Prophylactic therapy may be indicated in patients with the following: (1) more than two headaches per month, (2) less frequent but more prolonged headaches (longer than two days) leading to substantial disability, (3) migraines that are refractory to abortive treatment measures, (4) inability to use therapies for acute attacks because of intolerability, contraindication or overuse (more than two per week), (5) migraines that are predictable in occurrence and (6) other migraine conditions, such as migraine with prolonged aura or hemiplegic migraine. Overuse of abortive therapy may result in rebound headaches. In these patients, the treatment drug should be withdrawn before preventive therapy is started.

Patients should keep a headache diary. The identification of migraine triggers may make prophylactic therapy unnecessary. Drug therapy may still be necessary to control symptoms. Prophylactics can be used daily on a continuous basis or scheduled according to predetermined triggers, such as the onset of menses. Women of childbearing age should be treated with prophylactics with caution because of the teratogenicity of most of the drugs used for this purpose. Because prophylactic therapy is rarely curative, patients must be aware of the potential need to continue to use abortive treatment. A 50 percent reduction in migraine incidence is considered successful prophylactic therapy.

The choice of prophylactic agent depends on patient considerations, the risk-benefit ratio, side effects and cost. Pharmacologic migraine prophylaxis should be initiated at a low dosage and titrated upward to optimize the benefit while avoiding side effects. Monotherapy should be used whenever possible.

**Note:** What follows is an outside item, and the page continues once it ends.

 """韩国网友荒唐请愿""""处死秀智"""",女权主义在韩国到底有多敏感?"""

Prophylactic regimens should be used for a two- to three-month trial period to determine efficacy. Physicians should choose a drug that may benefit any comorbid condition the patient has. First-line agents with the greatest efficacy are beta blockers, tricyclic antidepressants and divalproex sodium (valproic acid). Beta blockers, most commonly propanolol hydrochloride, require one month of use before an effect can be noticed and do not reduce aura. Beta blockers with intrinsic sympathomimetic activity (such as pindolol) should be avoided in patients with migraine.

Tricyclic antidepressants often prevent migraine with a rapid response (within four weeks). Tertiary amines, such as amitriptyline hydrochloride, are the most effective formulation. Divalproex sodium can successfully prevent migraine headaches when taken in daily dosages of 250 to 1,500 mg. Second-line agents include calcium channel blockers and nonsteroidal anti-inflammatory agents. Naproxen sodium, taken in a dosage of 1,100 mg daily, is the most commonly used agent in this class.

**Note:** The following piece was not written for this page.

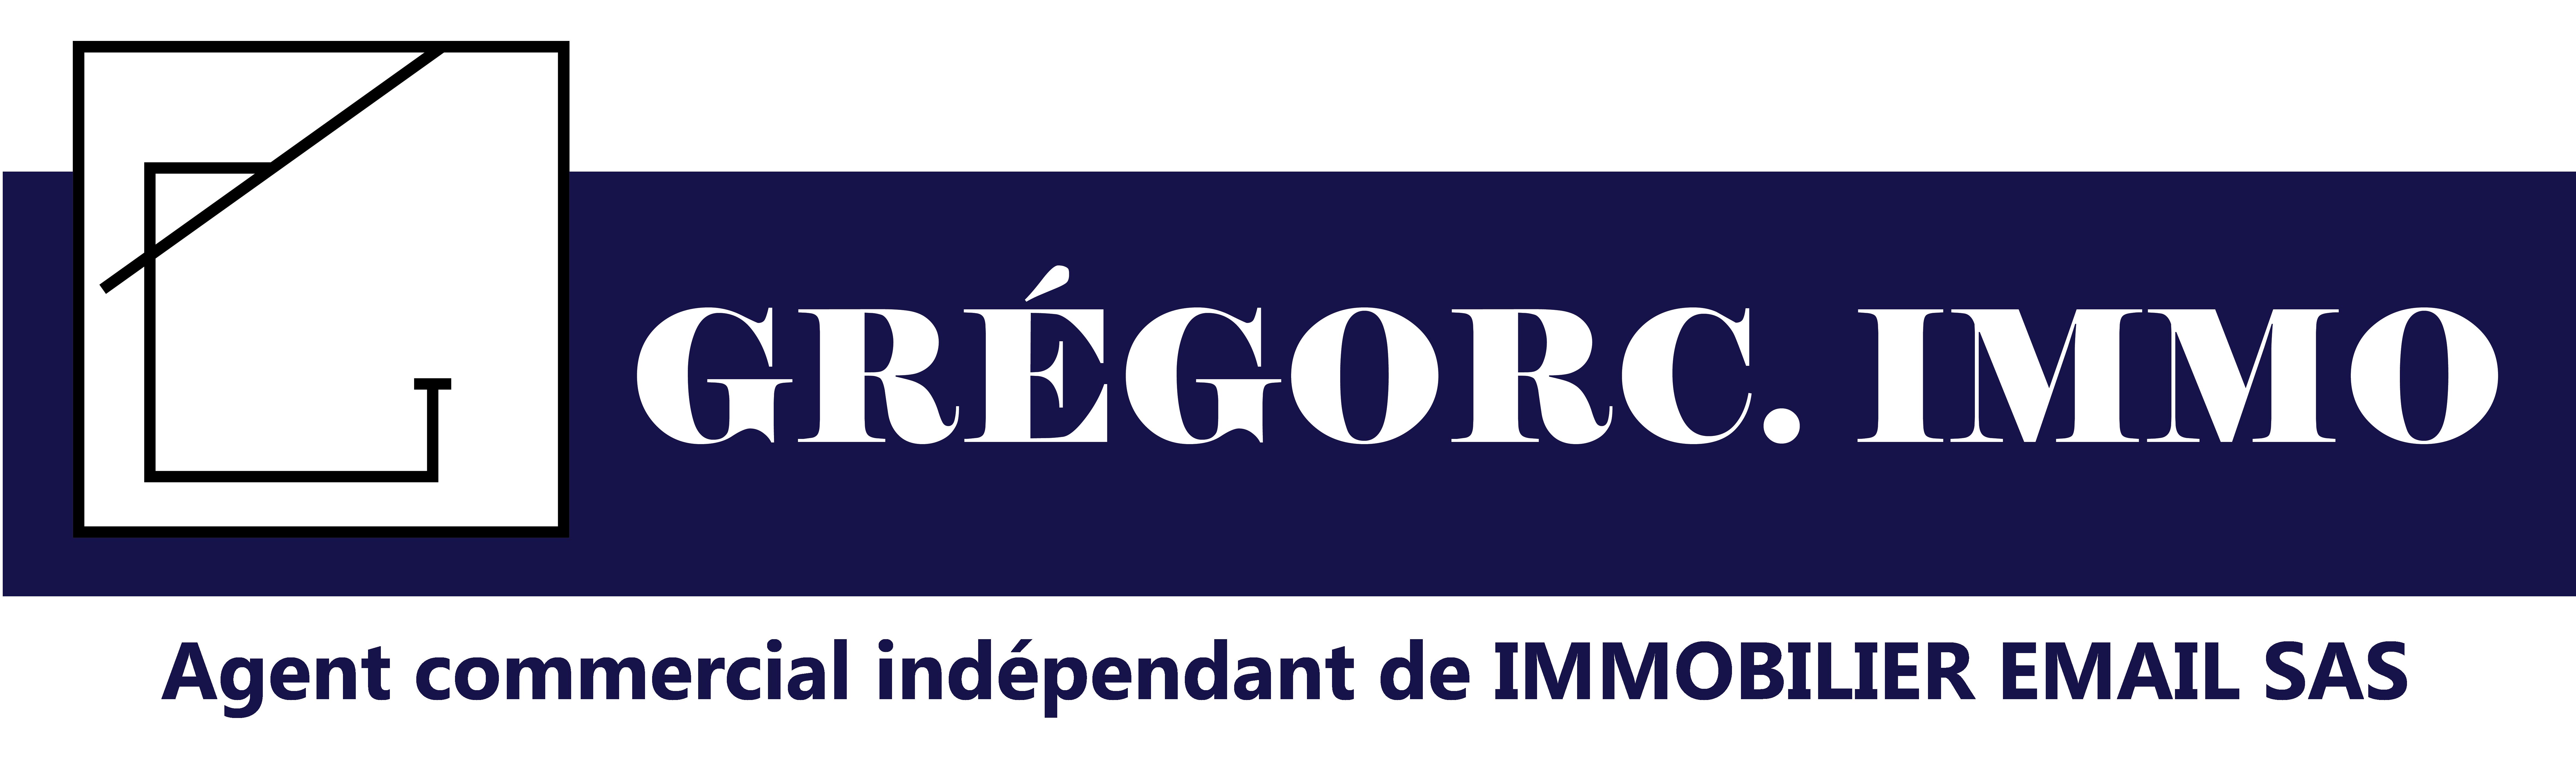 Daniel Gregorc  agent commercial indépendant sous l'enseigne: GREGORC IMMO

Third-line agents reserved for use in severe or refractory cases are methysergide and phenelzine sulfate. Agents currently being studied for prophylactic use include fluoxetine, riboflavin and magnesium.

Nonpharmacologic measures to prevent migraine include avoidance of triggers such as environmental or hormonal factors, stress, sleep deprivation, medications such as oral contraceptives and hormone replacement therapy, and certain foods or drinks, including cheese, wine, alcohol, chocolate and caffeine. Alternative therapies with unsubstantiated efficacy include daily doses of feverfew, relaxation therapy, cognitive behavior therapy, acupuncture, massage and hot or cold packs.